Proposed section 13D allows the Valuer-General to negotiate and enter into uncontested valuation service contracts with the State Valuation Office in areas not made available to competition and for areas made available to competition for which there are no successful tenderers. Proposed sections 14A and 14B establish the relationship between the Valuer-General in performance of his regulatory responsibilities and the valuation services purchased from the contract valuers. The Valuer-General will continue to make the valuations required under the Act. Contract valuers may exercise any relevant functions or discretions that belong to the Valuer-General in formulating a recommendation in connection with a valuation. The Valuer-General may then make a valuation on the basis of a contractor's recommendation. In making a valuation, the Valuer-General is required to monitor and make general assessments of the standards of accuracy of recommendations. Further, if a contractor fails to make a recommendation or to revise it, the Valuer-General may make the valuation or valuations concerned without the need for such a recommendation.

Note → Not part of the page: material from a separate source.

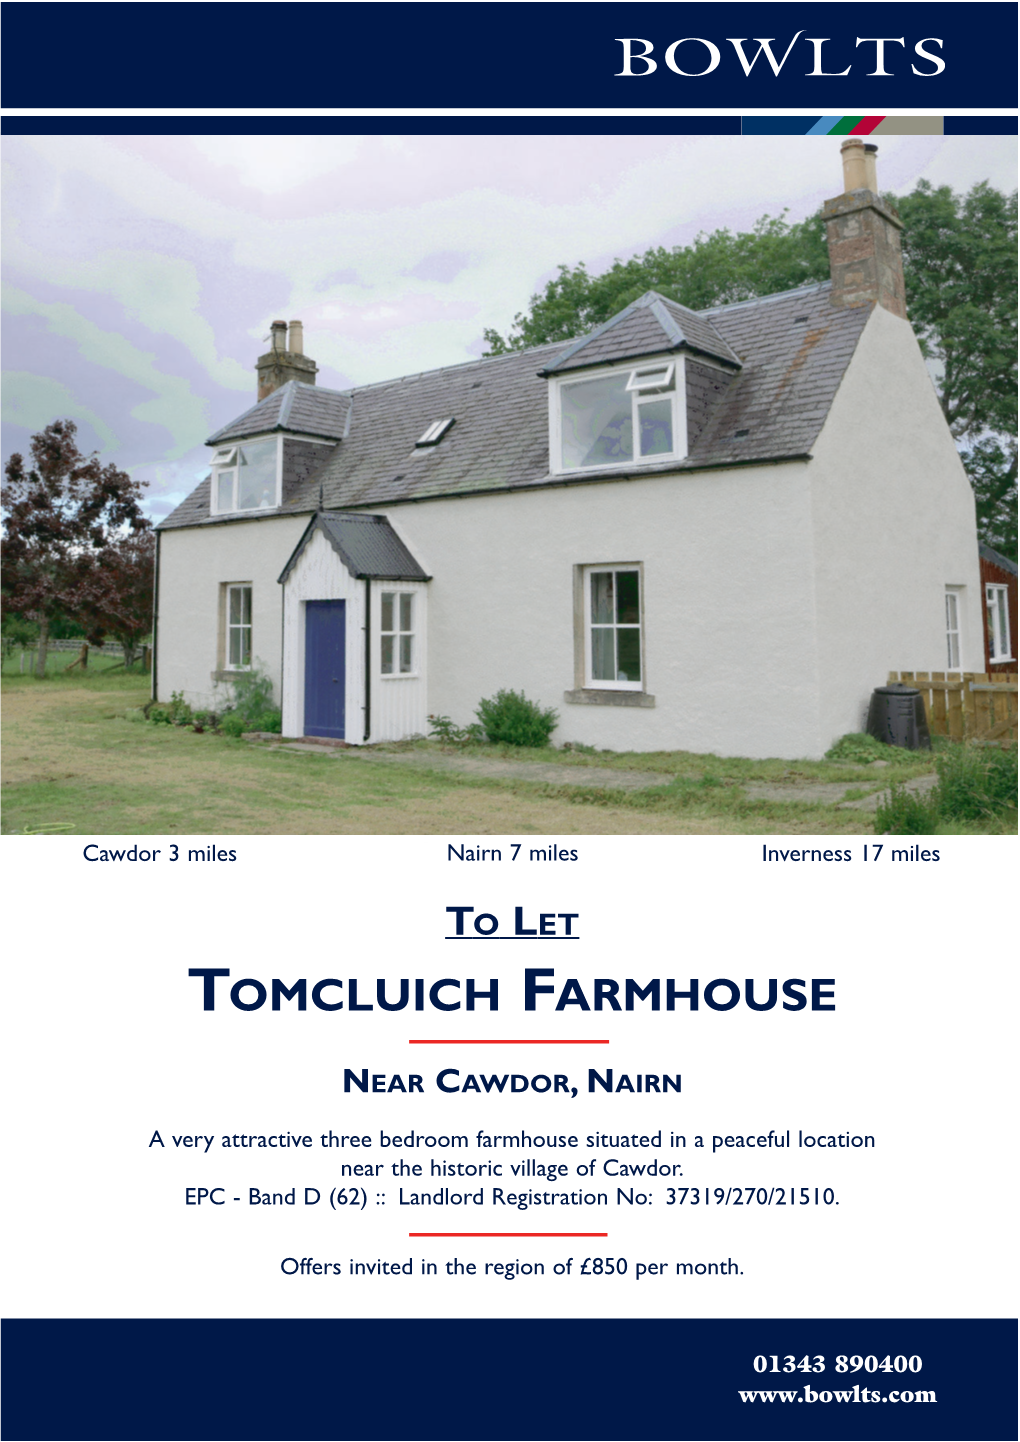 Tomcluich Farmhouse Mar 2021 Ordbreck.Qxd

Alternatively, the Valuer-General may enter into an uncontested valuation service contract with some other contract valuer to provide relevant recommendations. The legislation also contains provisions relating to the monitoring of contract valuers and termination of contracts. Proposed section 13E will allow the Valuer-General to terminate contracts at any time, subject only to the terms of the contract. In proposed section 13F the Valuer-General is required to monitor the standard of valuation services provided under valuation service contracts and to make assessments of the contractor's compliance with procedural and other requirements of the Act, the regulations and the relevant valuation contract. Sections 15 and 74 of the Act have been amended to extend the powers previously conferred on the Valuer-General by those sections to include contract valuers when performing their contracted valuation tasks.
The legislation also makes provision in amendments to the Valuation of Land Regulation 1996 for the Valuer-General's administration of the process for responding to objections and appeals lodged by affected parties to correspond with similar appeal provisions in other State taxation legislation. As I mentioned previously, the contracting of valuation services will be introduced progressively in the purchase of valuation services for the Sydney, Wollongong and Newcastle metropolitan areas, commencing with the 1997 valuation cycle. The progressive introduction of competition in these areas will allow the Government to test and foster the development of the market for valuation services. Further, it will allow for the impacts on the present staff of the Valuer-General's Office to be staged.
The Government's service competition policy will apply to staff affected by the competitive contracting of valuation services. This policy requires preference amongst the private sector bidders be given to those who provide employment opportunities for existing Valuer-General's Office staff, subject to satisfaction of value for money and other relevant requirements. Finally, where in future it becomes necessary for staff to be displaced to alternative activities they will be assisted according to the Government's policy on managing displaced employees. This policy is based on the premise of no forced redundancies. It provides for redeployment and voluntary redundancy of displaced employees. I commend the bill to the House.
Debate adjourned on motion by Mr D. L. Page.